Appearance
Cluster Alerts
Cluster alerts notify about the operational health of the Yellowbrick cluster as a whole. These alerts help detect and respond to states where the system is either partially or entirely degraded, or explicitly suspended.
Purpose
These alerts are triggered based on cluster-level availability and control plane signals.

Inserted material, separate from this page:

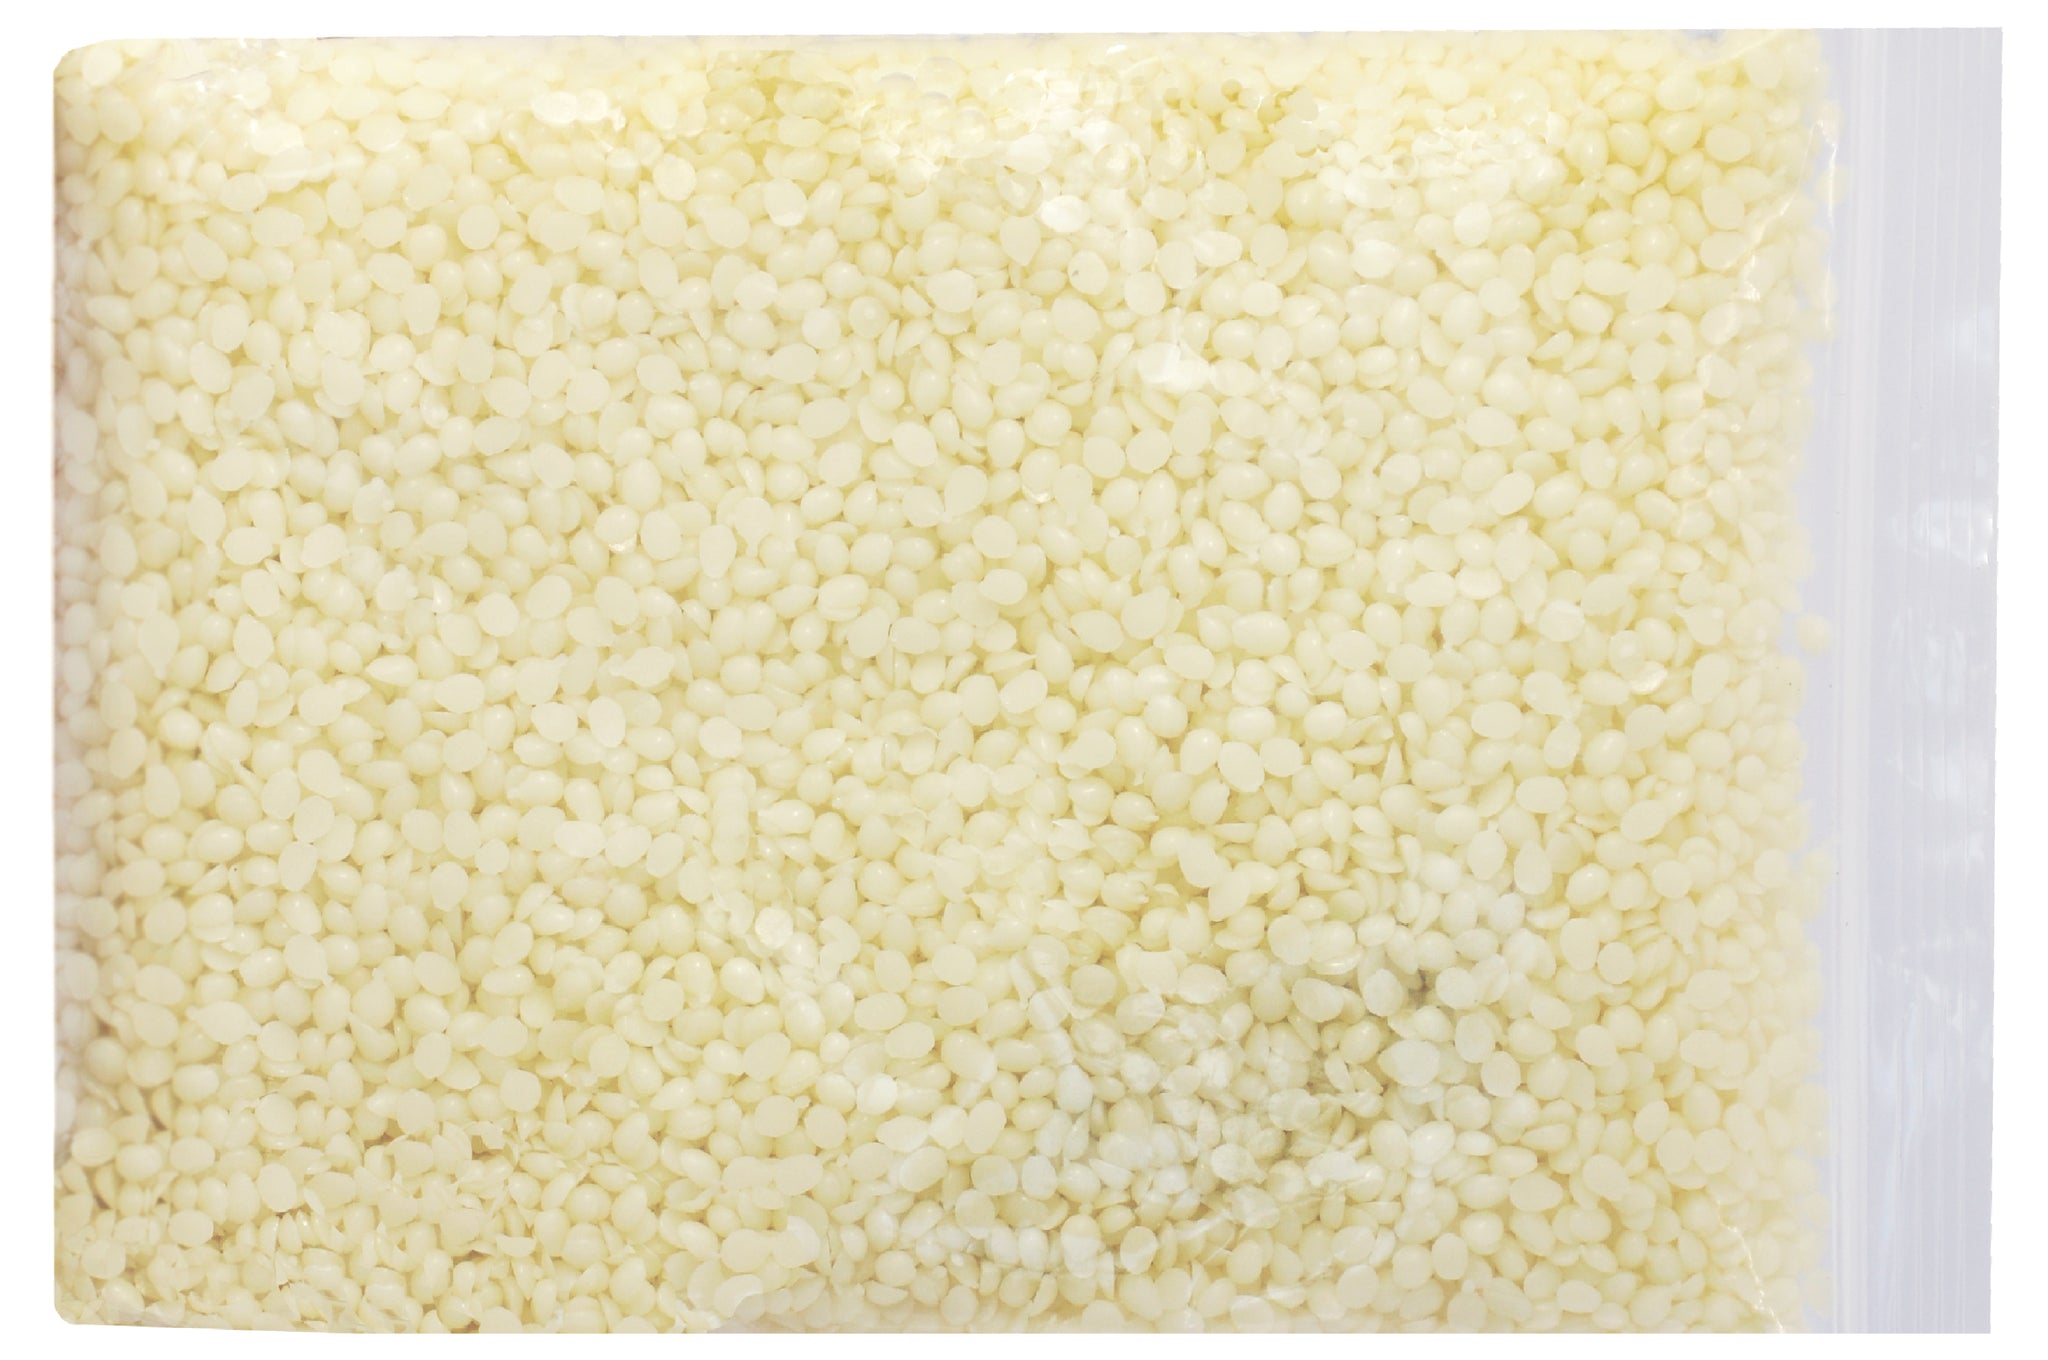 UNICY 2LB White Beeswax Pastilles, Easily Melt Bees Wax Pellets

They serve to identify when:
- The cluster is offline, such as when too many compute nodes are unreachable.
- The cluster is degraded, with some compute nodes unavailable but not enough to cause a full outage.
- The cluster is in a suspended state, which is expected during administrative operations.
Values such as [missing_compute_nodes] and [reason] are dynamic and inserted at runtime to explain the nature of the issue.
Alert Definitions
| Alert | Severity | Trigger After | Description | Threshold Ref |
|---|---|---|---|---|
Cluster State | CRITICAL | 2m | The cluster is offline: [reason]. | |
Cluster State | CRITICAL | 2m | The cluster is offline: too many compute nodes ([missing_compute_nodes]) are unavailable. | |
Cluster State | MAJOR | 5m | The cluster is degraded: [reason]. | |
Cluster State | MAJOR | 5m | The cluster is degraded: missing compute nodes ([missing_compute_nodes]). | |
Cluster State | INFO | 0m | The cluster was suspended by an administrator. |